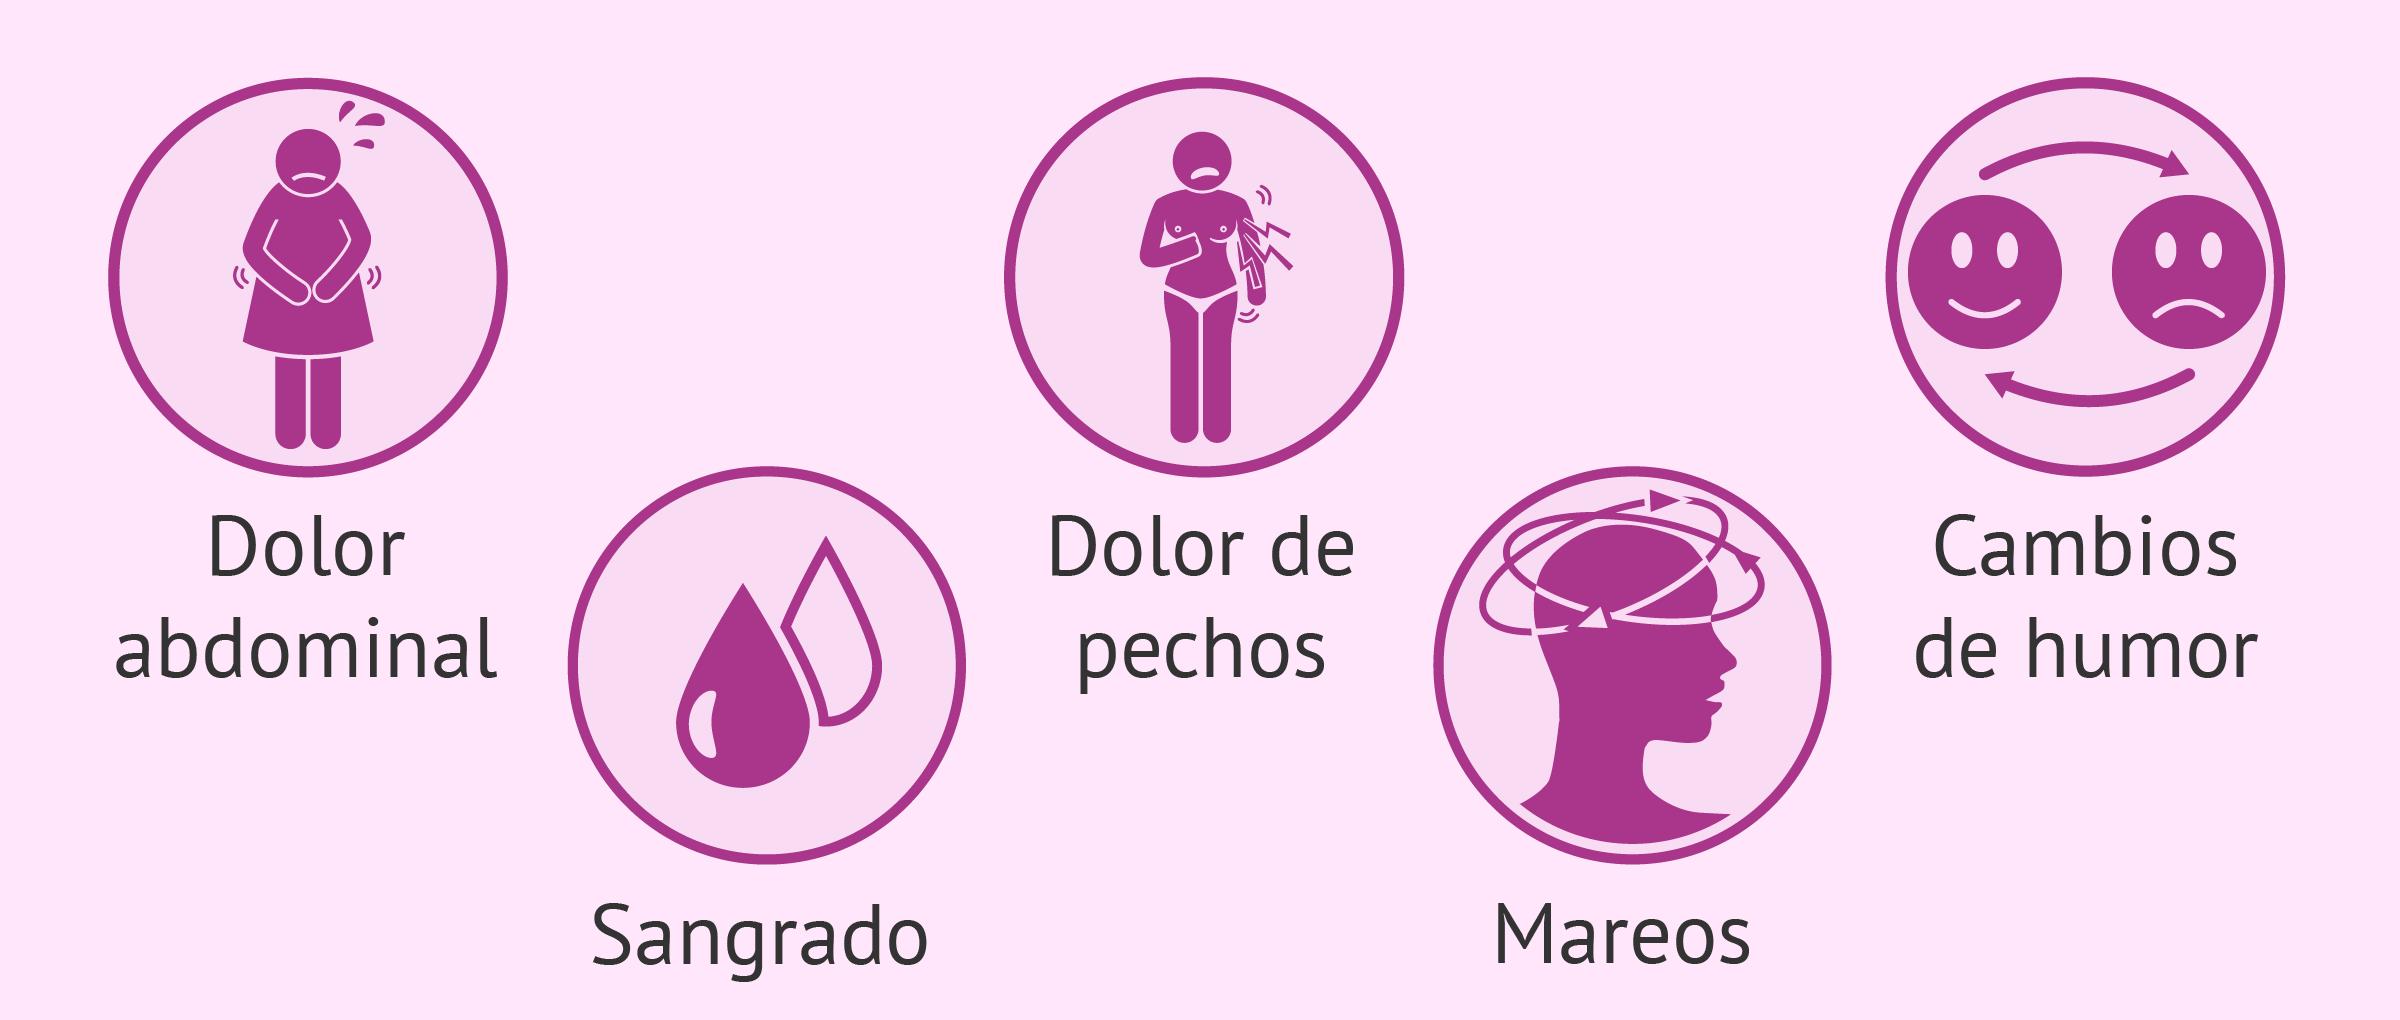 Primer mes de embarazo primeros s ntomas y cuidados en la madre - Primer mes de embarazo sintomas ...
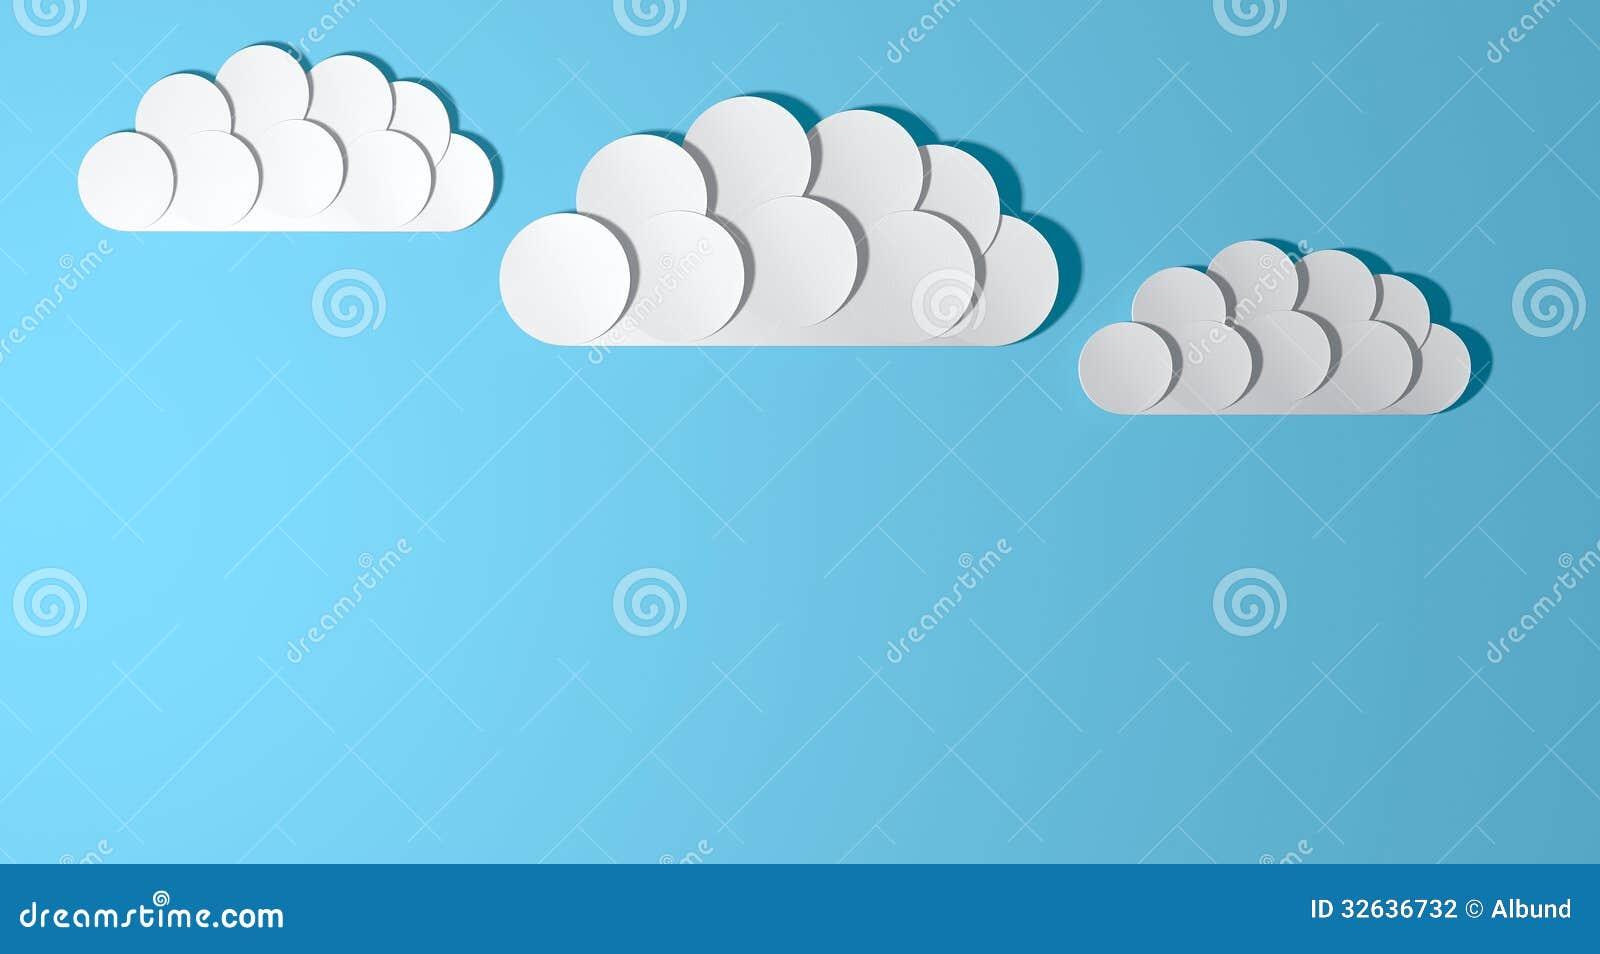 Clouds Craft Paper
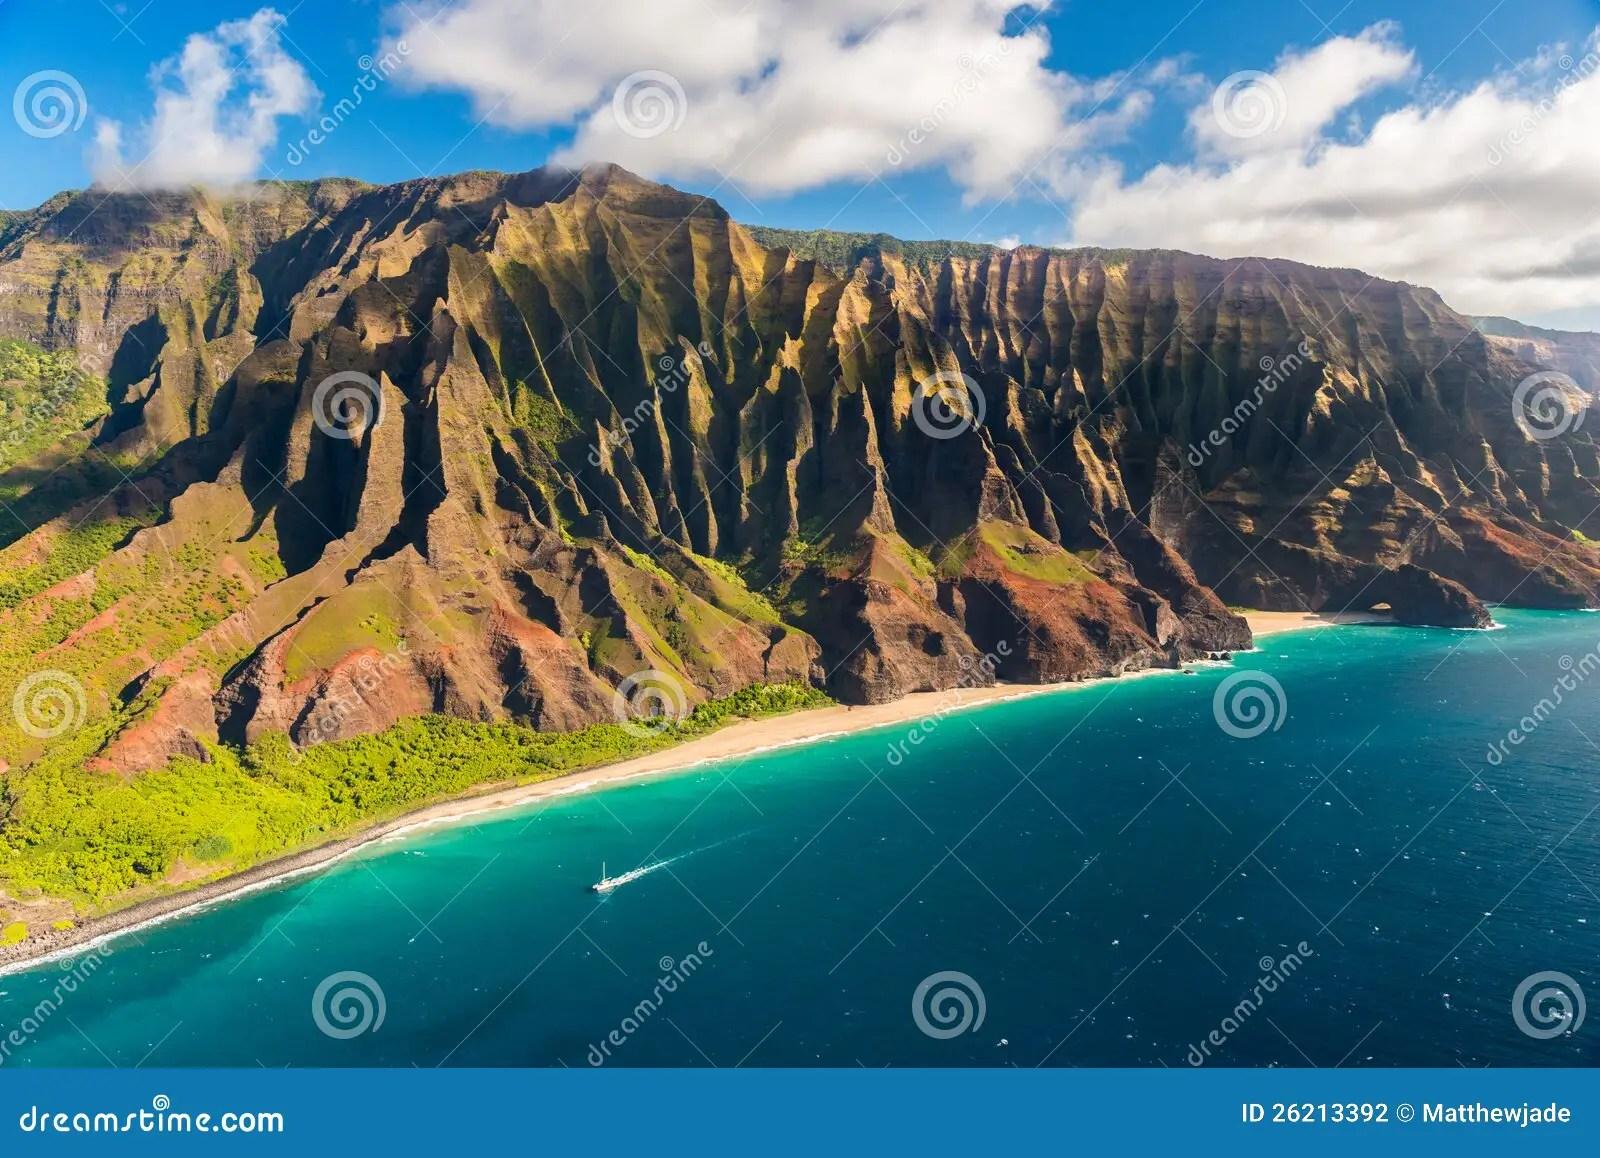 Beautiful Na Pali Coastline In Hawaii Stock Photography
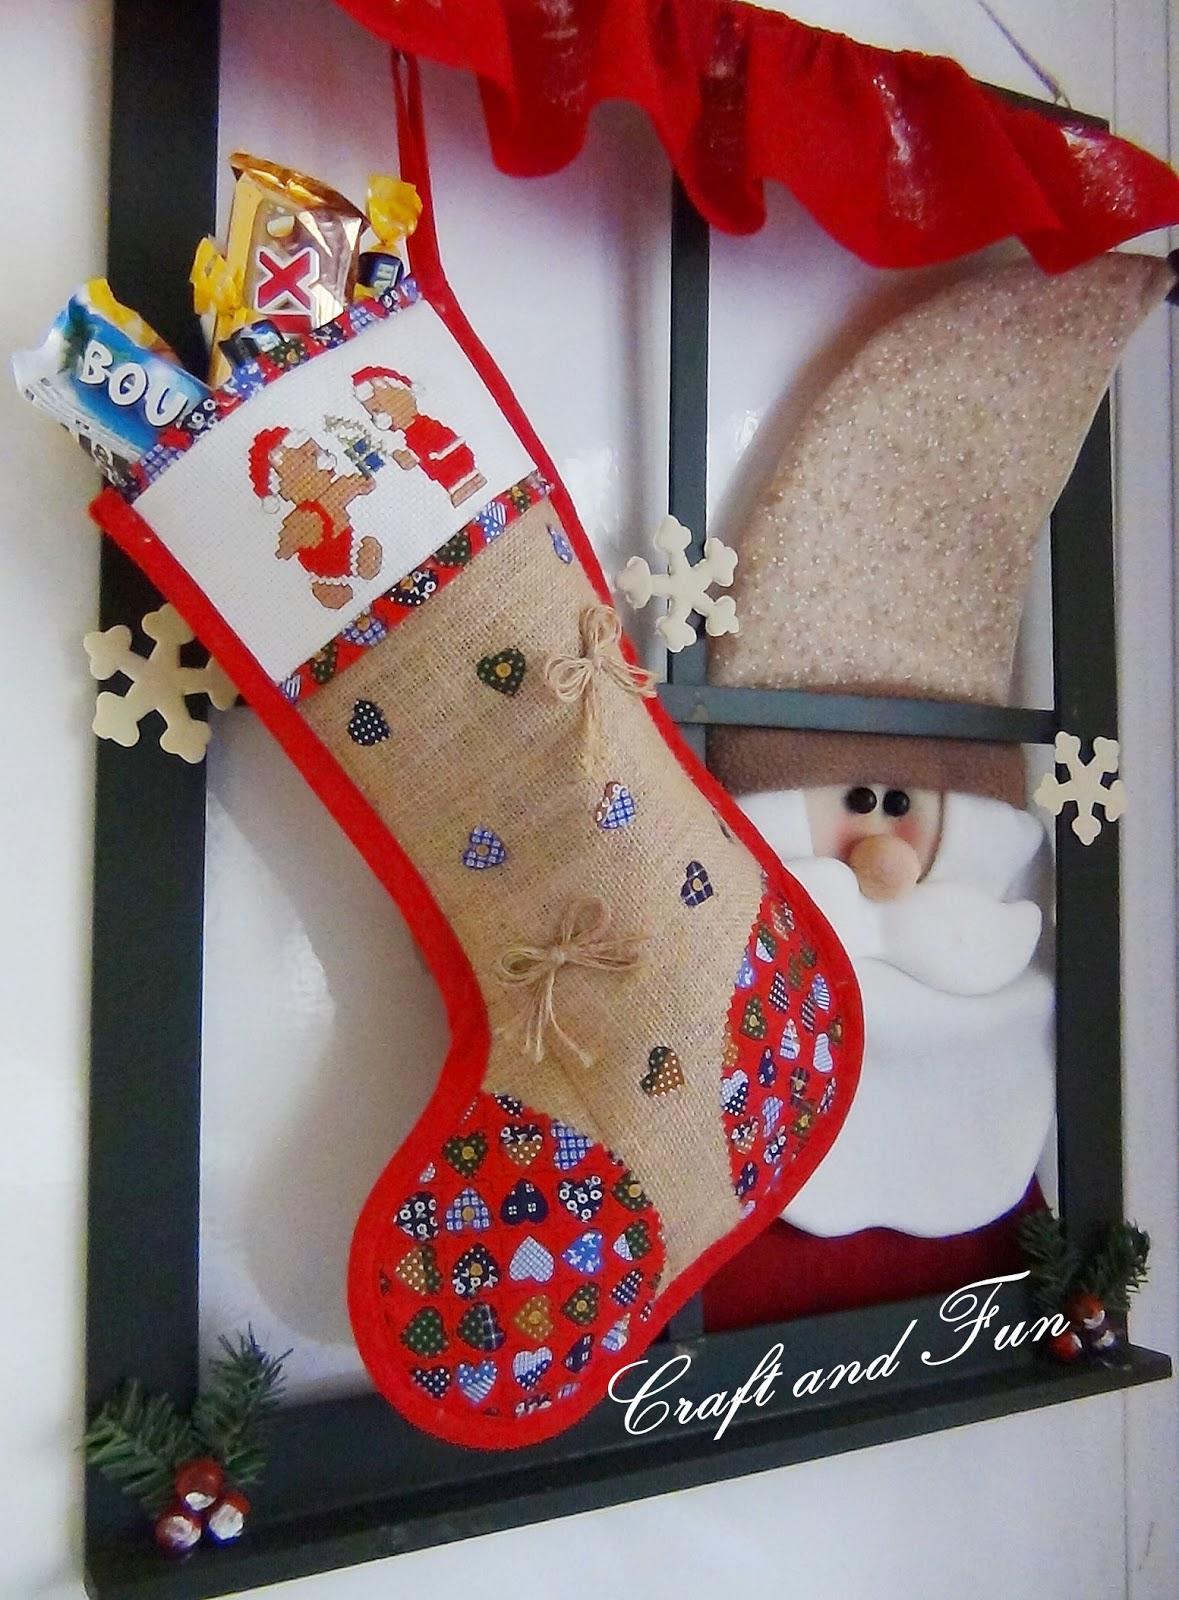 natale | riciclo creativo - craft and fun - Calze Della Befana Originali

## Assignment:
Reproduce, exactly and with no pictures, the lines from the line containing "Clouds Craft Paper" through the closing line of the data above, keeping both ends.

## Completed exercise:
 Clouds Craft Paper
 Beautiful Na Pali Coastline In Hawaii Stock Photography
 natale | riciclo creativo - craft and fun - Calze Della Befana Originali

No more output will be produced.